Of course, the idea of evolution originates in the social sciences as much as anywhere, and even the term "genetic" gets it start outside of biology in the language developed to understan social and human phenomena.

"Evolution" in other words is not a methor taken from biology, it's a concept with an original legacy within the human/social domain, as a descriptive and explanatory concept.

Of course, everyone knows that Darwin got many of his ideas from economics, so it is only right that things should come full circle.
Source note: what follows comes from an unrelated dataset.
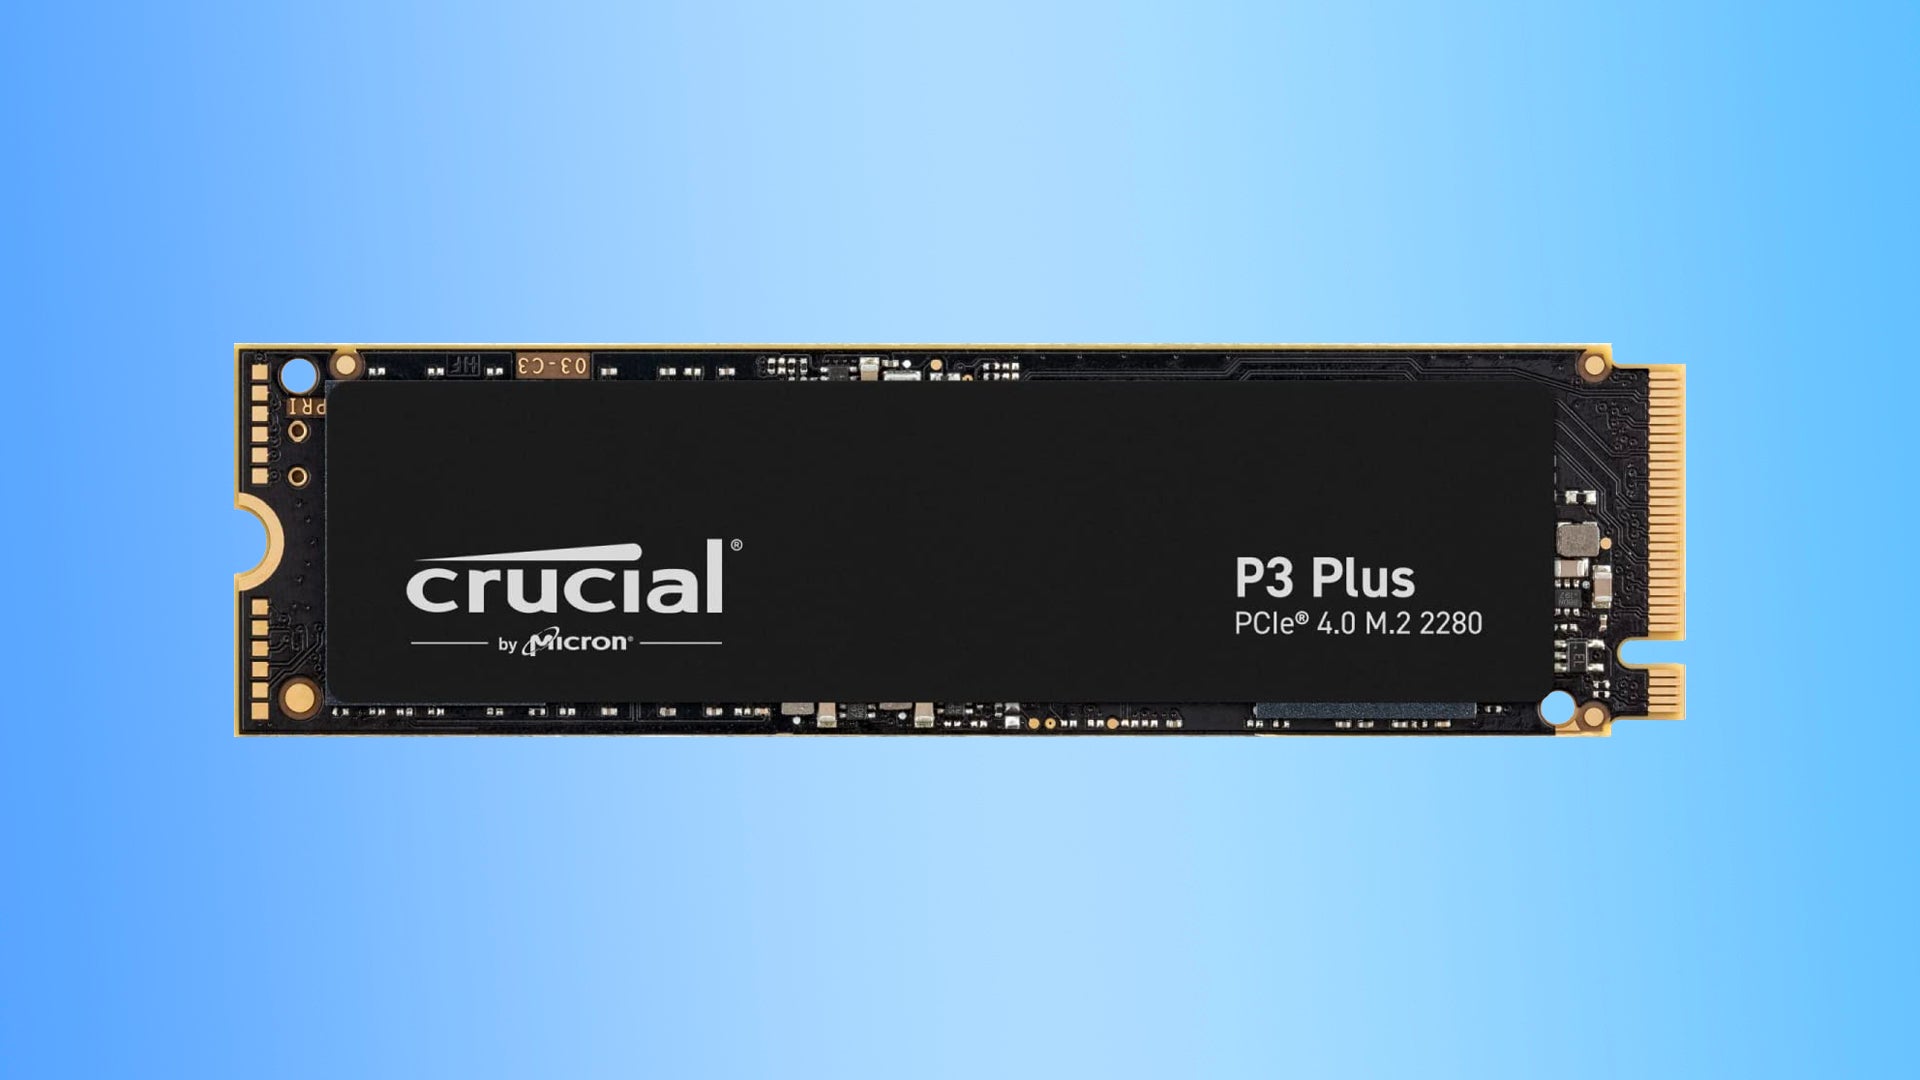 This Crucial P3 Plus 4TB NVMe SSD for £263 is an absolute steal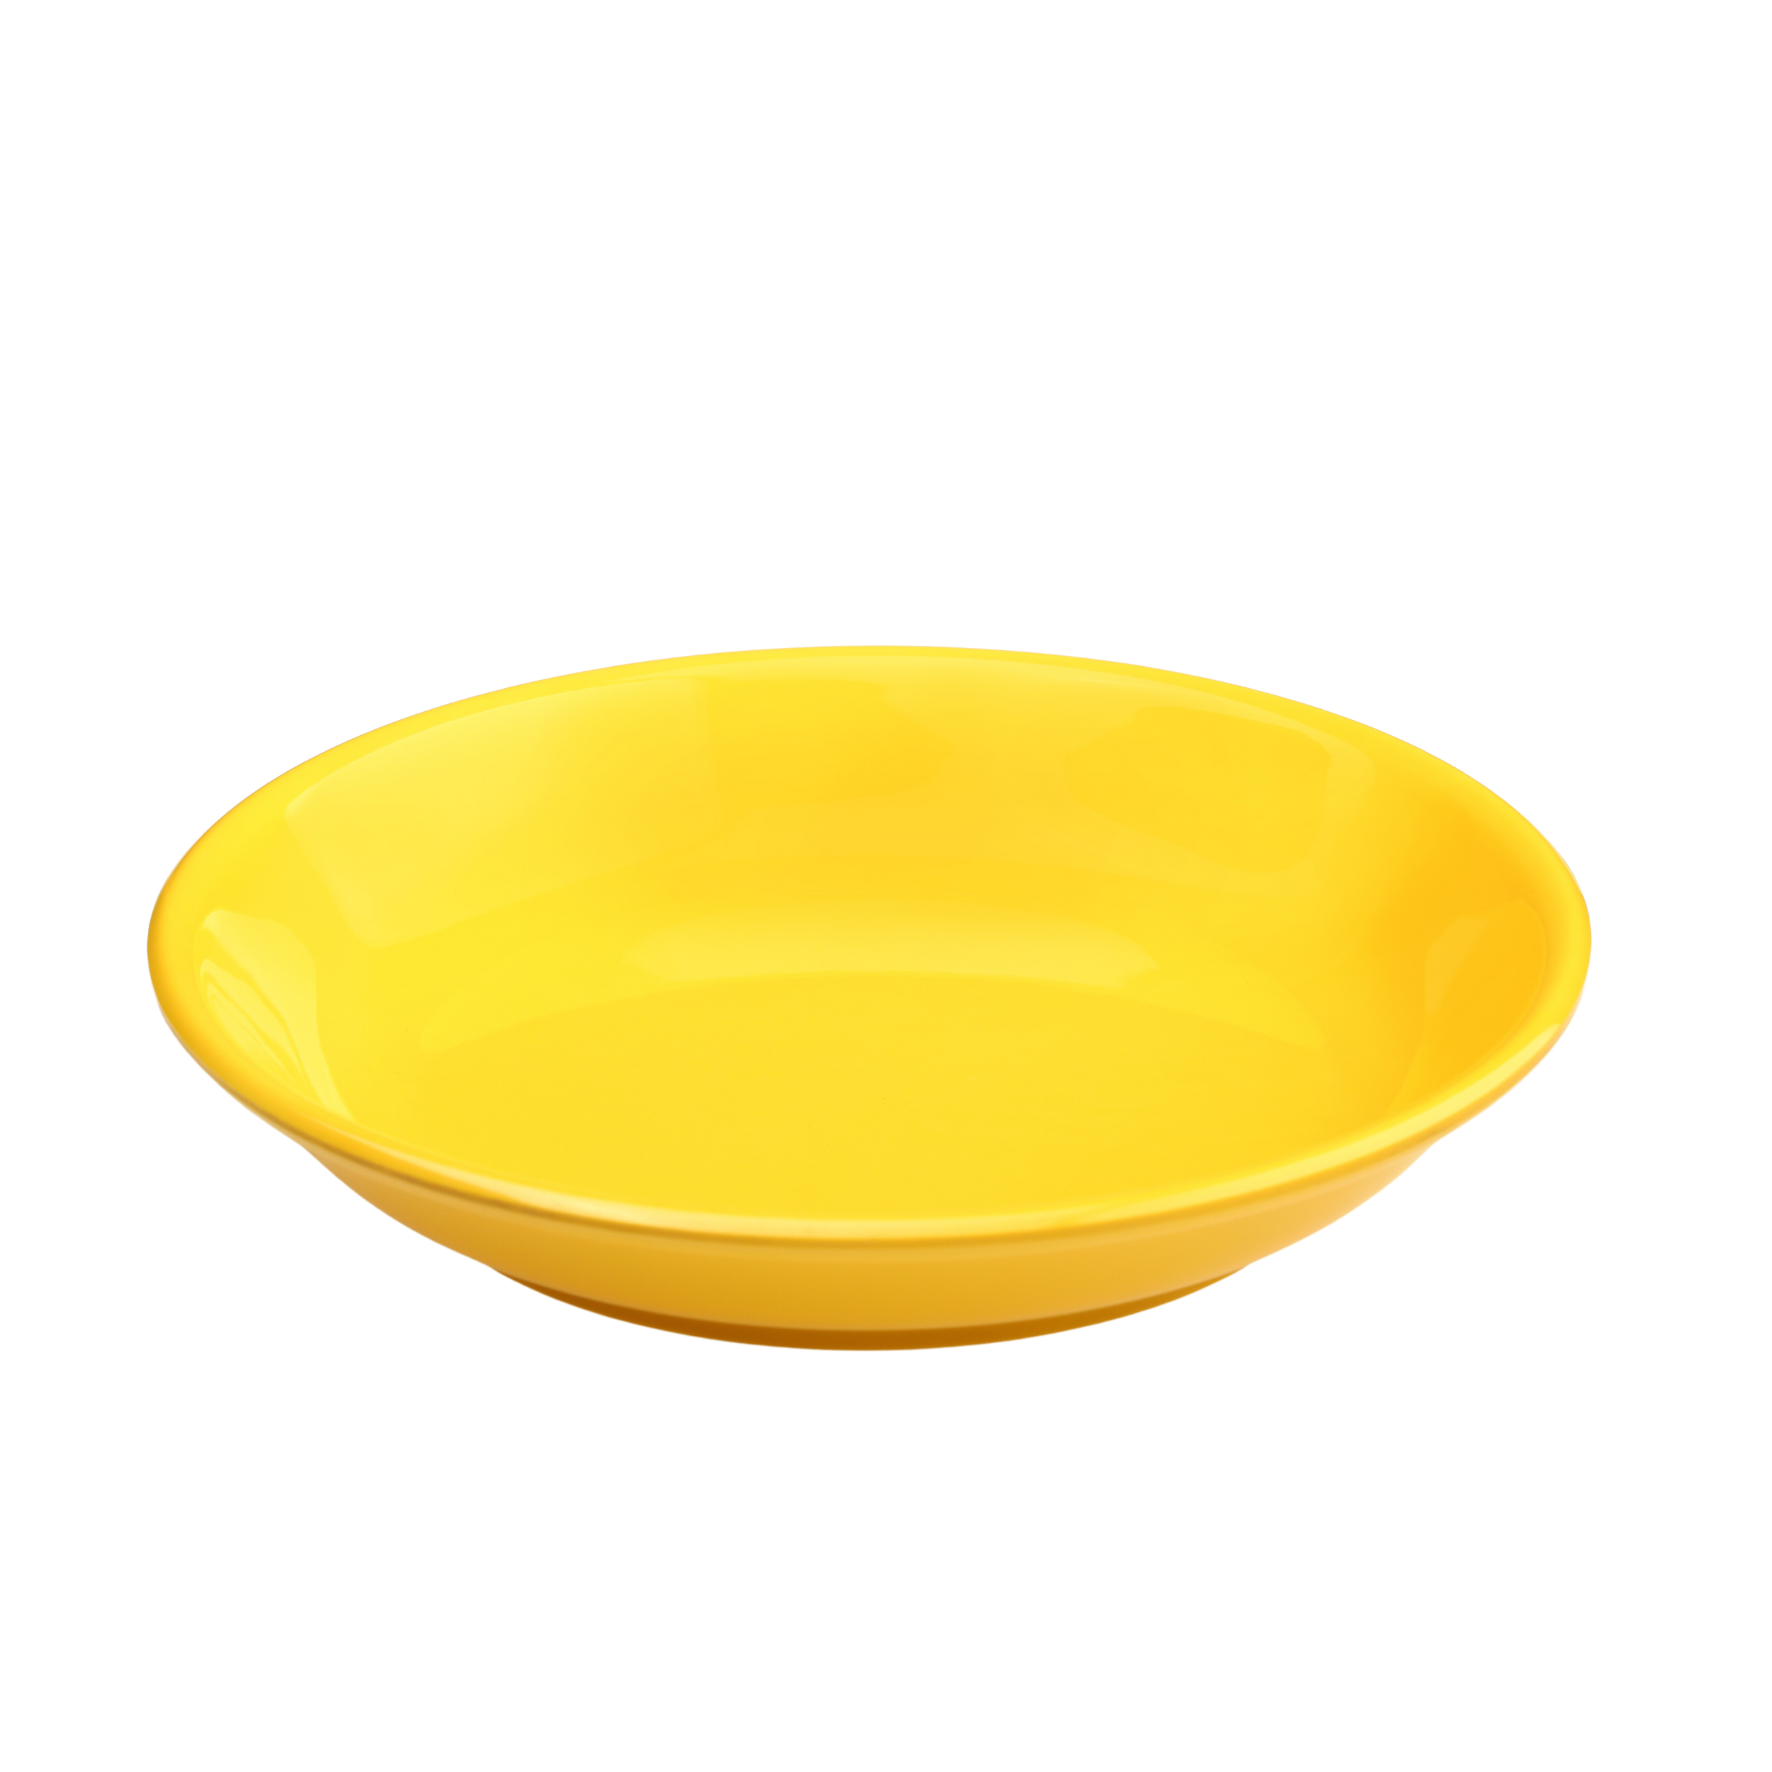 The Plate Story - Snack Plate 6.5” for Toddler - Yellow

Aside from the common-sense observation that humans are a biological species, so we ought to understand humans as such in order to understand the social systems we create through our interactions.

A couple of volumes of Advances in Austrian Economics relate pretty closely to this discussion. First, volume 7, 2005, "Evolutionary Psychology and Austrian Economics." It is webbed here:
http://www.emeraldinsight.com/books.htm?issn=1529-2134&volume=7

Contributors included David Sloan Wilson, Brian Loasby, Paul Rubin with Evelyn Gick, and Todd Zywicki. It has a symposium on group selection in which Glen Whitman wrote the target article and Todd and others commented. Independently of the D. S. Wilson contribution, Sober & Wilson comment on Glen's paper. Their comment and Glen's reply are *well* worth reading IMHO.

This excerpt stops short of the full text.